With eye on Delhi, BJP banks on new I-T rates
I BUDGETING FOR POLLS Not only Opposition, ally JD(U) also says Budget delivers too little
After listening to 160 minutes of Finance Minister Nirmala Sitharaman’s Budget speech, Treasury and Opposition MPS trooped out of the Lok Sabha, trying to decipher the central message of the Budget 2020-21. Some with keener interest in ancient history said they were surprised the finance minister suggested the hieroglyphs on Harappan seals had been deciphered.
The Narendra Modi government had presented its 2015 Budget a fortnight after its drubbing in the Delhi Assembly polls, jettisoning its promise of reform to turn to “garib kalyan”, or welfare of the poor, as its leitmotif.
Five years on, the Delhi Assembly polls, a week away, weighed on its mind as it promised new tax slabs to benefit the middle class. While Opposition Congress and Trinamool Congress released data to dispute the claim that it will lead to any savings for the salaried class, the announcement made BJP MPS from Delhi happy. Those from the Hindi heartland said they were unsure about the message they would take back to their constituencies.
There were concerns about subsidies on food and fertiliser being reduced, as also dwindling budgetary allocations towards the Mahatma Gandhi National Rural Employment Guarantee Scheme (MNREGS). Opposition MPS pointed out the government had failed to spend last year’s allocation for the PM Kisan Samman Nidhi Yojana (PM-KISAN).
The Janata Dal (United), a BJP ally which faces an Assembly polls in less than nine months in Bihar, was more forthright in its criticism. It issued a statement that said “more could have been done to tackle the ongoing farmers’ and rural distress”. The Trinamool Congress’s Derek O’brien said it was puzzling Sitharaman, given the poor agriculture growth rate, has stuck to the deadline of doubling farmers’ income by 2022.
The 2020 Budget is important, as was the 2015 — these were the first full Budgets of the respective new governments presented in a year with the fewest Assembly polls, just two, and the government was expected to show the courage to take up reforms and new schemes. It couldn’t in 2015, and it hasn’t in 2020.
If in the 2015 Budget, the then finance minister, Arun Jaitley, announced reining in of inflation as its highlight, ruling party MPS struggled to find any assurance from Sitharaman on checking price rise at a time when CPI inflation is over 7 per cent and food inflation is over 10 per cent.
The government is also set to face challenges in disinvesting LIC and other public sector undertakings not just from Opposition parties, but also from within the Rashtriya Swayamsevak Sangh (RSS). “We strongly oppose the government's proposal to sell a portion of its holding in LIC,” All-india Life Insurance Employees Federation General Secretary Rajesh Nimbalkar said.

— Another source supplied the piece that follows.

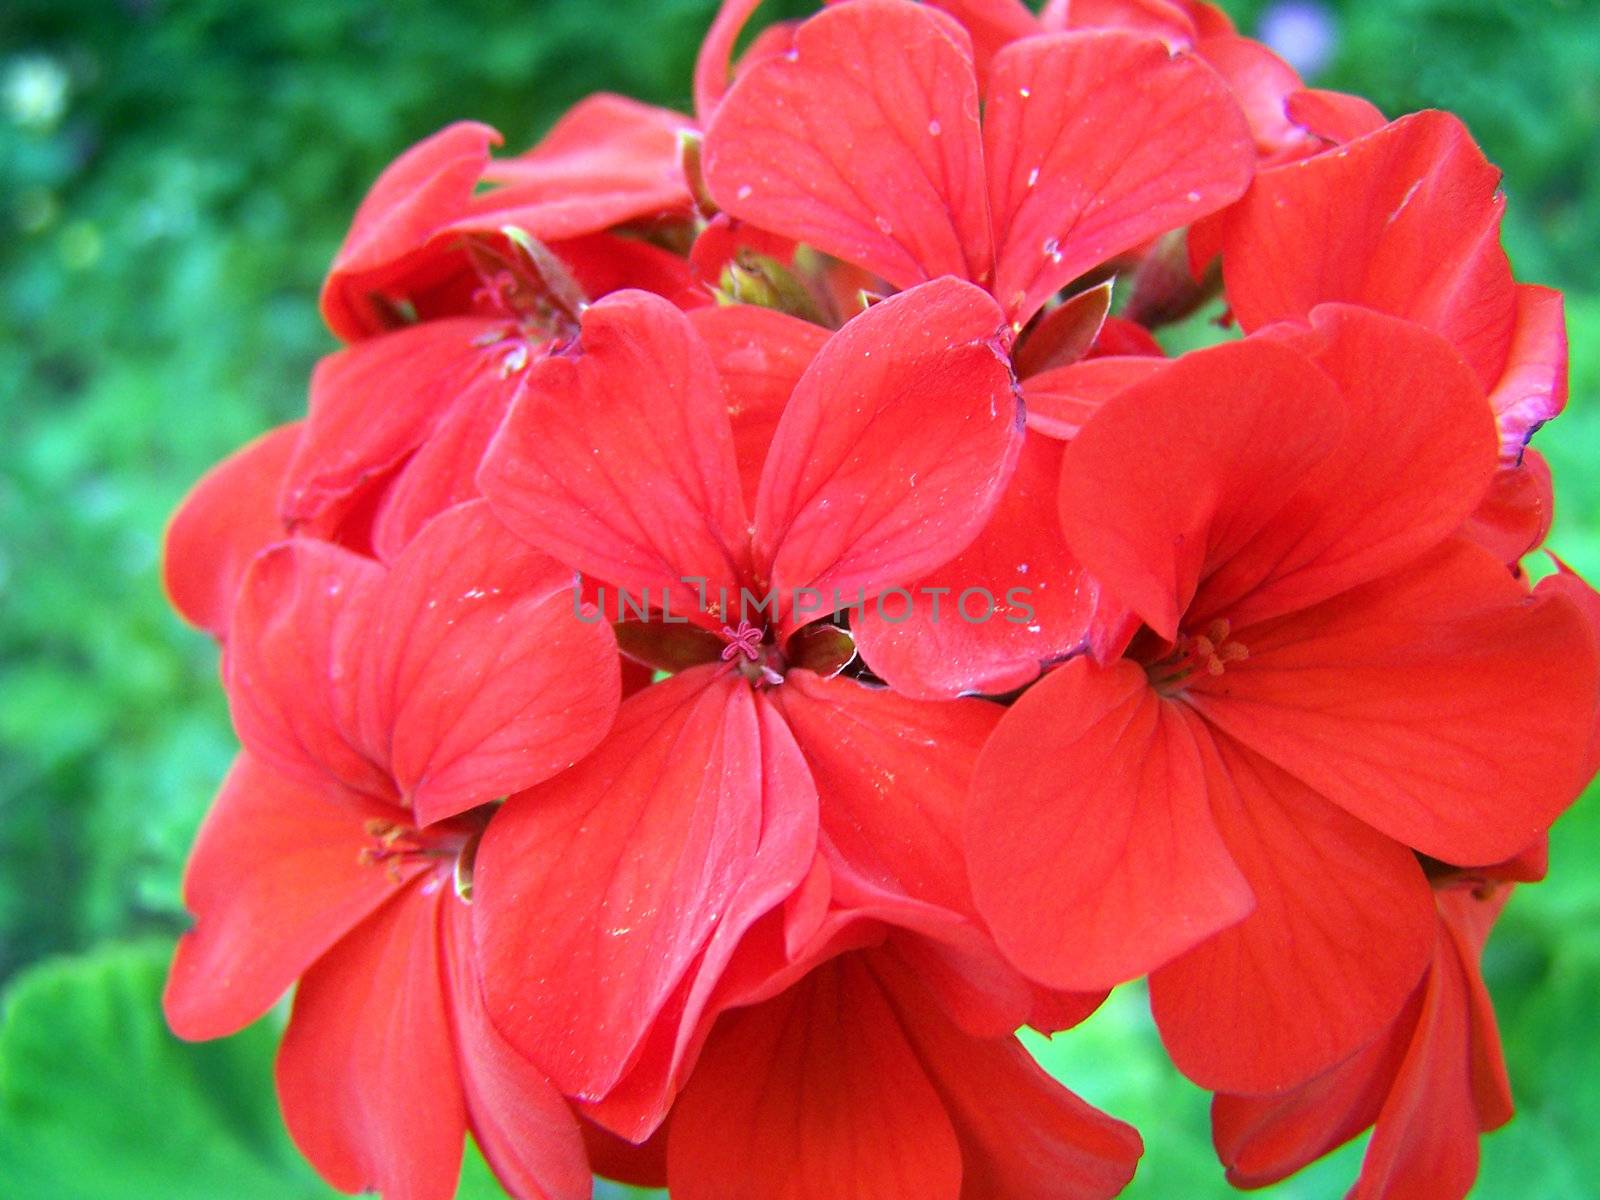 Close up of the red phlox blossom.

Senior Congress leader P Chidambaram termed it “panic privatisation” to plug revenue shortfalls. Other Opposition leaders said the plan to sell off LIC was a pretext to compensate the states, akin to the Centre dumping the
burden of economic slowdown and demonetisation on states.
They pointed out states' share of tax revenue was 19 per cent lower than the projections made last year. In 2020-21, the FM plans to share even less than what she projected last year. Clearly, relations between the Centre and states are set to get strained further.
The Swadeshi Jagran Manch, an RSS affiliate, opposed the announcement that the government will encourage foreign direct investment (FDI) in education, saying it is a “bad idea” and will lead to “westernisation” of education. The Laghu Udyog Bharati, another RSS affiliate, welcomed creation of ~1,000-crore fund to promote exports of MSME products.
The BJP’S core supporters, however, exulted on social media at the proposed setting up of an Indian Institute of Heritage and Conservation. “Five archaeological sites in Haryana, Uttar Pradesh, Assam, Gujarat, and Tamil Nadu would be developed with on-site
museums,” she said. All these states are either Bjp-ruled, or in the case of Tamil Nadu, by its ally AIADMK.
Ministers congratulated the FM for increased budgetary allocations for the Union Territory of Jammu and Kashmir. Chidambaram said: “Money is no substitute for democratic freedom”.
In an interesting claim during her speech, the finance minister said the words from the Indus script, which are all hieroglyphics, had been deciphered, and how entrepreneurial spirit is age old. She also termed the Indus Valley Civilisation as “Saraswati Sindhu civilisation”, which drew a sharp reaction from DMK chief MK Stalin.
He said the Budget is more of a cultural imposition. “The BJP government, which is keen on Hindi imposition in anything... has called the Indus Valley Civilisation 'Saraswathi Sindhu Civilisation in the Budget,” Stalin said in a statement. “This Budget is of no use to Tamil Nadu and the Tamil people,” he said.